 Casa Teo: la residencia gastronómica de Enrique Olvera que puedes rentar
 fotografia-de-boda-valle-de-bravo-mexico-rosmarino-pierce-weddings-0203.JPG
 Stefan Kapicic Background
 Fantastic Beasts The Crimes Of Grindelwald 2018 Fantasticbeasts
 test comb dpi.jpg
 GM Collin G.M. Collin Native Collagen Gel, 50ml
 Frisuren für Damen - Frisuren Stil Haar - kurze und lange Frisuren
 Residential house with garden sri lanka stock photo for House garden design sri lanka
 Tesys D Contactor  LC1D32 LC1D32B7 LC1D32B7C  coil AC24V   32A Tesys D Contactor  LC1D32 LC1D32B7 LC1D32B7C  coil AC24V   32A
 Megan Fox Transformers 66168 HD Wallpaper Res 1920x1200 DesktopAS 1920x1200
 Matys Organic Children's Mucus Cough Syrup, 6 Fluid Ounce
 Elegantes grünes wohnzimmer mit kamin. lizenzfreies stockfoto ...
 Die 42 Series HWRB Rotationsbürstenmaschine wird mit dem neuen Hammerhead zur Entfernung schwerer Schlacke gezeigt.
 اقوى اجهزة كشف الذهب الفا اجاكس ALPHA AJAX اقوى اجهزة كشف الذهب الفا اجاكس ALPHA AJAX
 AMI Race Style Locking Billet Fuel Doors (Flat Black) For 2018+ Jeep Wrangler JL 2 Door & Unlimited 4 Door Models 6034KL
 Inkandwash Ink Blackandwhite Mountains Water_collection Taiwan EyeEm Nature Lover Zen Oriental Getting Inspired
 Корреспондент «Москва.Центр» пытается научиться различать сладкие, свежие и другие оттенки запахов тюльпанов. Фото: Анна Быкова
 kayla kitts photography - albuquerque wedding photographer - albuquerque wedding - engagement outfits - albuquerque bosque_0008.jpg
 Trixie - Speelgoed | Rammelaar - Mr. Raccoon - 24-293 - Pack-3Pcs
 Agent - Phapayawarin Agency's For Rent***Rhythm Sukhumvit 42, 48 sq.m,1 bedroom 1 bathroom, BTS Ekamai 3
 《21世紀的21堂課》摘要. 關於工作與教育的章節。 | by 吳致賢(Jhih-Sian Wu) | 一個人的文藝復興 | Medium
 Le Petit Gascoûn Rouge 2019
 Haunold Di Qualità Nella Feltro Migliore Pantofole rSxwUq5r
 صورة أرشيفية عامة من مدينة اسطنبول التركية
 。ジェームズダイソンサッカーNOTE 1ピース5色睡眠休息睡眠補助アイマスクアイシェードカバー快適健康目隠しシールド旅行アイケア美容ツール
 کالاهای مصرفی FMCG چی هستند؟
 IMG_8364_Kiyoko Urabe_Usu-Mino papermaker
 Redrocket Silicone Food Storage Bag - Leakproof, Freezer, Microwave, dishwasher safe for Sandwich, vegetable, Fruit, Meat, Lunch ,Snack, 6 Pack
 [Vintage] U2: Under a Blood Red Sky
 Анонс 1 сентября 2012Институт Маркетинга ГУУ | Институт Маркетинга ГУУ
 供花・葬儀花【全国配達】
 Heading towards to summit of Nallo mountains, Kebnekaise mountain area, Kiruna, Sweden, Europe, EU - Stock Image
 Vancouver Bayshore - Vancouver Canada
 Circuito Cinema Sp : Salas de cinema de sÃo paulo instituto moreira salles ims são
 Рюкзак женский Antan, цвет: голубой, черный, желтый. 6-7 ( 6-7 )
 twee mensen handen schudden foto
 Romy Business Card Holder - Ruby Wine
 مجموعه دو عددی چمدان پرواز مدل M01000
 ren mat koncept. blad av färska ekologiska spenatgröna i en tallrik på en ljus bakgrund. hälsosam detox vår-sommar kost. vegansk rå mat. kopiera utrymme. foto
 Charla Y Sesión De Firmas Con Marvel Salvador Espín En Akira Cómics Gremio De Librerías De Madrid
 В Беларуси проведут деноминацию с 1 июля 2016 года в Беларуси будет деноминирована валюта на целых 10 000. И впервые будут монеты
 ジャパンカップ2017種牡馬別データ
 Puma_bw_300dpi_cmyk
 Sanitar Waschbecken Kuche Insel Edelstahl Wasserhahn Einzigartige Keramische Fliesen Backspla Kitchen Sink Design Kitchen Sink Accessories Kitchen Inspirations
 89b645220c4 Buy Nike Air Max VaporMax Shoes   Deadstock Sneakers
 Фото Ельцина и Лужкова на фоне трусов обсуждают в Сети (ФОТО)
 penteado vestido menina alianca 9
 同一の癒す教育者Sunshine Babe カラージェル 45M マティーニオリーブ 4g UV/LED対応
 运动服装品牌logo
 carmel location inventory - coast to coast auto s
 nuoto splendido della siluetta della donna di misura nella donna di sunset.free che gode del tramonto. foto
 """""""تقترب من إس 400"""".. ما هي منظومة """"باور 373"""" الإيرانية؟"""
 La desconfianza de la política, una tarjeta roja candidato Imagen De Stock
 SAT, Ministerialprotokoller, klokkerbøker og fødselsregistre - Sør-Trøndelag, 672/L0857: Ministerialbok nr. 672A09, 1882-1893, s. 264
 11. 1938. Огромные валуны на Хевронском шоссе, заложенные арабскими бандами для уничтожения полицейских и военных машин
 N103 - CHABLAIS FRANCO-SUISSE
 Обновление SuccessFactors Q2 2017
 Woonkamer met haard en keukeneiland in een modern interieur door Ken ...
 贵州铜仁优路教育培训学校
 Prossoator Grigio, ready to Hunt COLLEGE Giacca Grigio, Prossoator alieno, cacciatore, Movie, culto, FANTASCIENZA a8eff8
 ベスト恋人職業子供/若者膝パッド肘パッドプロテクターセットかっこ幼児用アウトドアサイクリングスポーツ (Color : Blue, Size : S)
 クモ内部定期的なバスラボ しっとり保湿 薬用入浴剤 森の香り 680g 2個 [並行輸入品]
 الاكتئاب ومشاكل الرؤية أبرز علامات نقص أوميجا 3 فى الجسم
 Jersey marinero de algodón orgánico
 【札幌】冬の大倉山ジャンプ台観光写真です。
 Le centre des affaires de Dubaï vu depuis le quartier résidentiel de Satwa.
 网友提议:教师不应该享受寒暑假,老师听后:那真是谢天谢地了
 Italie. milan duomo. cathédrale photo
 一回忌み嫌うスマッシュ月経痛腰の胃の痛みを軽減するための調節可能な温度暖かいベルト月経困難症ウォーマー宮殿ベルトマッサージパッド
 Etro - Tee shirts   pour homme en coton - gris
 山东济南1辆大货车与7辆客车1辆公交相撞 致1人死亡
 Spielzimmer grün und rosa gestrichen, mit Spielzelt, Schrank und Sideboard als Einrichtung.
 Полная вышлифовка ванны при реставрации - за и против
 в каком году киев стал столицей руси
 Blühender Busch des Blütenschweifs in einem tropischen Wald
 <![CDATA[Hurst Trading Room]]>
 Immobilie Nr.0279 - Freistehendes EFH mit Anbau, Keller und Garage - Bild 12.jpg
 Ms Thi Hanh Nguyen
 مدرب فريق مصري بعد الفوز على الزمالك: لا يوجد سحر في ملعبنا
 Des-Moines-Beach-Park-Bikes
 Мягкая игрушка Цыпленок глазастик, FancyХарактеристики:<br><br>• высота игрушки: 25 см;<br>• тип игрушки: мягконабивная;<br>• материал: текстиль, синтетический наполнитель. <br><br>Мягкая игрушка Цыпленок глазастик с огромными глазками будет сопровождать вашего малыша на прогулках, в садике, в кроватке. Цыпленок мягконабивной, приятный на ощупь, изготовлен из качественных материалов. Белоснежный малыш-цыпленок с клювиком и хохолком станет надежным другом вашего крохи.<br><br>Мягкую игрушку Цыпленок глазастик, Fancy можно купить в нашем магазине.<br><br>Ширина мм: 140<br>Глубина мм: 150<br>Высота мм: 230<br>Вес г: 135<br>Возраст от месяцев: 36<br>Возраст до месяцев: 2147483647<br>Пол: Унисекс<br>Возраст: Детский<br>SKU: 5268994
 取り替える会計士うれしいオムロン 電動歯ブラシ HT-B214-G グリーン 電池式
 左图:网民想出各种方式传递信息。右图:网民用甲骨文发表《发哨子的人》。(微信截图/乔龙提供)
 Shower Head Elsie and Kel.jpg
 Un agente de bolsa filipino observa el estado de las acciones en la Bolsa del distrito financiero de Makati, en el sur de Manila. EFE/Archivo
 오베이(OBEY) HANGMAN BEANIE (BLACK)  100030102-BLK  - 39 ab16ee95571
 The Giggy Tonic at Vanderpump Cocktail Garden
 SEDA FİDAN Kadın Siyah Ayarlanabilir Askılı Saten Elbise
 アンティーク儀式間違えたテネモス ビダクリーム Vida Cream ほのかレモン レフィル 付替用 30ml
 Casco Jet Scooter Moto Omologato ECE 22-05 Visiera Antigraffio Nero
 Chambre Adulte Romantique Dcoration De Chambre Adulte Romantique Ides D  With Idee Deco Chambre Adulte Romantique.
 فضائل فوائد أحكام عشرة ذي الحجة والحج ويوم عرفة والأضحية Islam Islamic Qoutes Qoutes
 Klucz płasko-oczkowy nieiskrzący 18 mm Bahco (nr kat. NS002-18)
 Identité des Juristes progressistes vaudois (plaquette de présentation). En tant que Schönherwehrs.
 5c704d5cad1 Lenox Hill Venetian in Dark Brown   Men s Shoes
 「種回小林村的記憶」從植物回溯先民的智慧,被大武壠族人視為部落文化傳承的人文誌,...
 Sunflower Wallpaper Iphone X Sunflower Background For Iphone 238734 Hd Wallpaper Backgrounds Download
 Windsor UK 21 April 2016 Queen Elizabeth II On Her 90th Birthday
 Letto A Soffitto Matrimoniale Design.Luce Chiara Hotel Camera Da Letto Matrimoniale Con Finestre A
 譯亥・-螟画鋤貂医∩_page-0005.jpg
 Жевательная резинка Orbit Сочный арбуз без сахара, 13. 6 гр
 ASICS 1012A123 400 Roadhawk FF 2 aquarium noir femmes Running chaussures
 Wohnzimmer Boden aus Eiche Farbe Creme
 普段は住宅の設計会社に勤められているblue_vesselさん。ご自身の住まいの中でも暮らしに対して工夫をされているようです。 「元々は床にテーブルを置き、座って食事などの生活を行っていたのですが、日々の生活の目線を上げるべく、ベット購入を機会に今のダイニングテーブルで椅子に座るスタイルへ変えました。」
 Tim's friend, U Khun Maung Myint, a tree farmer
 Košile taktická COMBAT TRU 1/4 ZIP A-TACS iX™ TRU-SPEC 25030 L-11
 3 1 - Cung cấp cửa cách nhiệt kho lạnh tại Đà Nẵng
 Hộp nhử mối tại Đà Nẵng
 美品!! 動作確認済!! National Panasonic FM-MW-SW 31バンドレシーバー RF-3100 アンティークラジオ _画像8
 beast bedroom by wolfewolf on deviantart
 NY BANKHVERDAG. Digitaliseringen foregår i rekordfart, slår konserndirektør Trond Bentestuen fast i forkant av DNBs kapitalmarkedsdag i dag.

....

▶ _WHAT THE TASK ASKS_:
Look for "Nẵng" in each line of the material, then copy the lines where it is found.

▶ _EXERCISE ANSWER_:
 3 1 - Cung cấp cửa cách nhiệt kho lạnh tại Đà Nẵng
 Hộp nhử mối tại Đà Nẵng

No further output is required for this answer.